The first was that readers loved the idea that Will made mistakes, and that those mistakes had consequences, but that there were ways for him to go back and repair the damage that he had caused.

“That gave them a sense of hope,” Arroyo commented. He added that readers – especially kids from at-risk backgrounds – were reading about the demons that Will battles in the book and projecting onto these demons their challenges and battle of their own lives.

“The real world impact of how they project themselves into the story has really amazed me,” he said, explaining that numerous readers had told him, “Will gave me hope that I could conquer my own demons, that I could overcome the things that I’m struggling with.”

With some 67 percent of fourth graders reading beneath proficiency at the national level – and studies showing a correlation between illiteracy and jail or welfare later in life – the ability to excite kids about reading is no small feat.

“Kids really want to go on a fun adventure,” Arroyo said. If a book is exciting and has a protagonist that kids can identify with, “they want to go on a journey and find out how it ends.”

In the second installment of his young reader series, 12-year-old Will Wilder must find the Staff of Moses, which has vanished from a local museum, before supernatural terrors are unleashed upon his town.

Arroyo said the idea for the story originated after he read piece in the London Times claiming that the Staff of Moses was actually in a museum in Birmingham, England. While he did not find the argument convincing, it started him thinking: What would happen if the staff was in a museum, and it went missing?

The Will Wilder books have been hailed as containing the excitement of the Indiana Jones and Percy Jackson series. But Arroyo noted that there are a few components that set his series apart.

“All the antiquities and relics mentioned in these books can be found in libraries, museums or churches throughout the world. So that grounds it in a certain reality that other series don’t have.”

In writing the books, he tried to be “excruciatingly accurate” with the descriptions of relics and other antiquities, spending extensive time researching to ensure that the details were correct.  

And kids love this accuracy, Arroyo said. He has received numerous letters and pictures from readers who have gone to museums and found the actual objects and artifacts from his books.

There’s another key point that sets the Will Wilder books apart. Will is not an orphan or an abandoned child. He goes on adventures with his entire intact family, along with his friends.

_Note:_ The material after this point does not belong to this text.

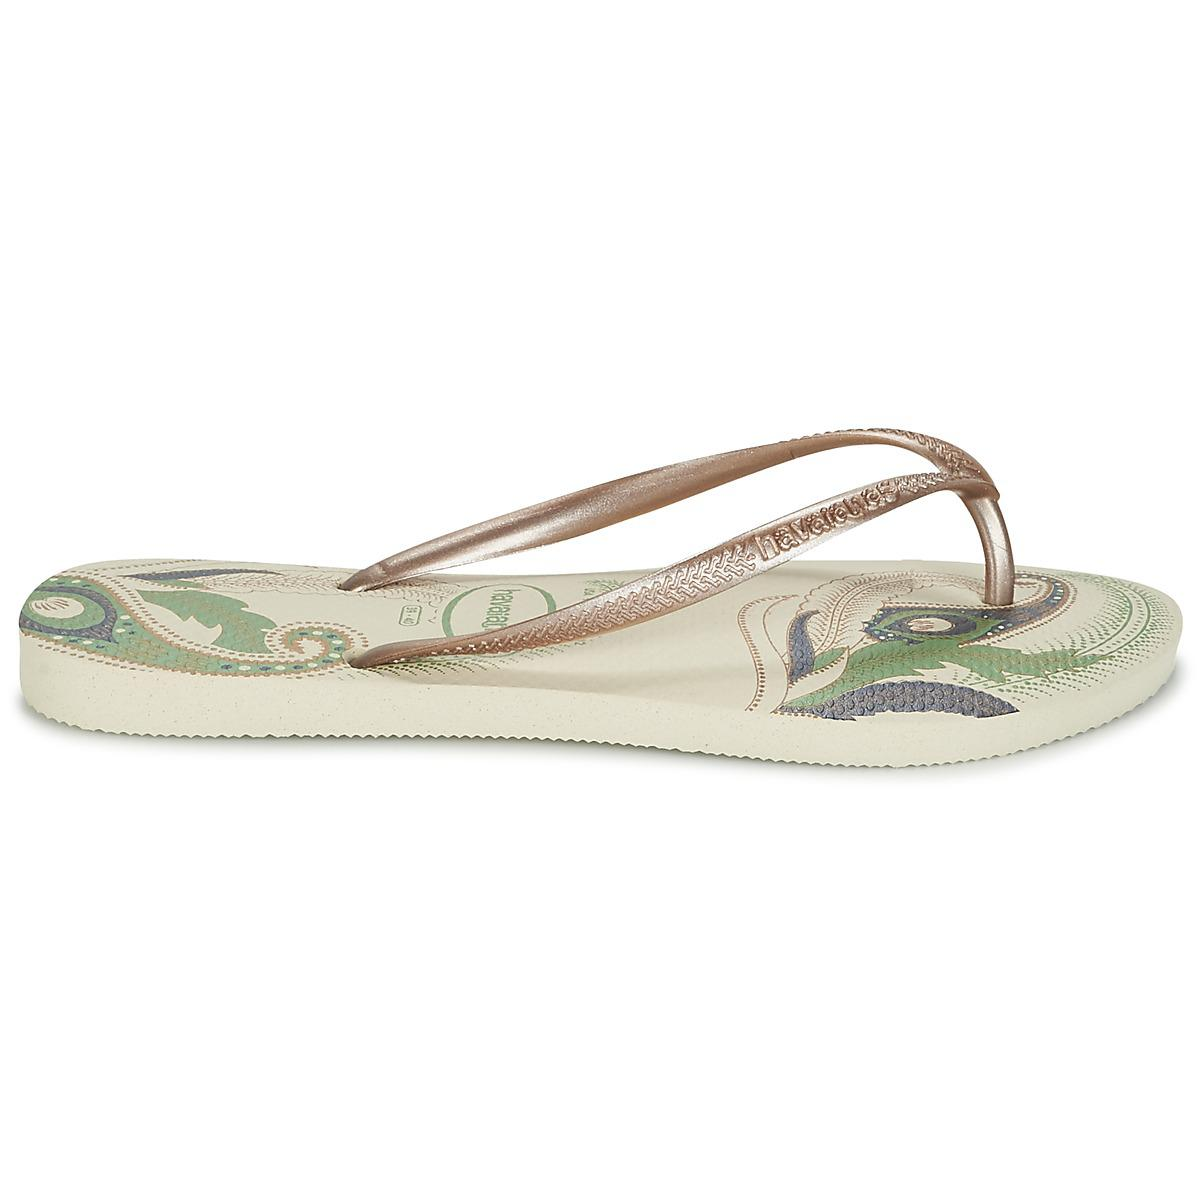 c3221a0c14ca93 ... Havaianas - Natural Slim Organic Flip Flops - Lyst. View fullscreen  online shop 163ae a721d ...

This was an intentional decision, stemming from Arroyo’s frustrations with was he described as an “orphan trope in middle school books.”

But it also served to give the book a wider appeal. The cast is multi-generational, and so, it turns out, are its readers.

Arroyo said he has heard from children, college students, parents and grandparents who have all enjoyed the first book. He said that while he wrote the series for middle grade students, he included deeper reflections and subplots that adults would appreciate.

Ultimately, there’s a universal sense of wonder at the supernatural world that draws all ages to the story, and makes it great for parents and children to read together, he said.

For parents who want to encourage a reluctant reader, Arroyo offered advice. “The most important thing is to read to your child as early as you can, from the time they’re toddlers.” He also stressed the importance of children seeing their parents read books for pleasure.  

“Kids are great mimics,” he remarked, adding that reading fiction is particularly important because “fiction enlarges the imagination and puts them not only in the shoes but in the hearts and soul of characters and people they’ll never meet. And the lessons they’ll draw from that are lessons you can’t repeat.”

Finally, Arroyo suggested, parents can take their library or bookstore and give them a chance to browse and find the topics and ideas that fascinate them.

As your children discover their natural interests, feed those interests regularly with good books, he said. “It’s a beautiful thing to see a kid get lost in reading.”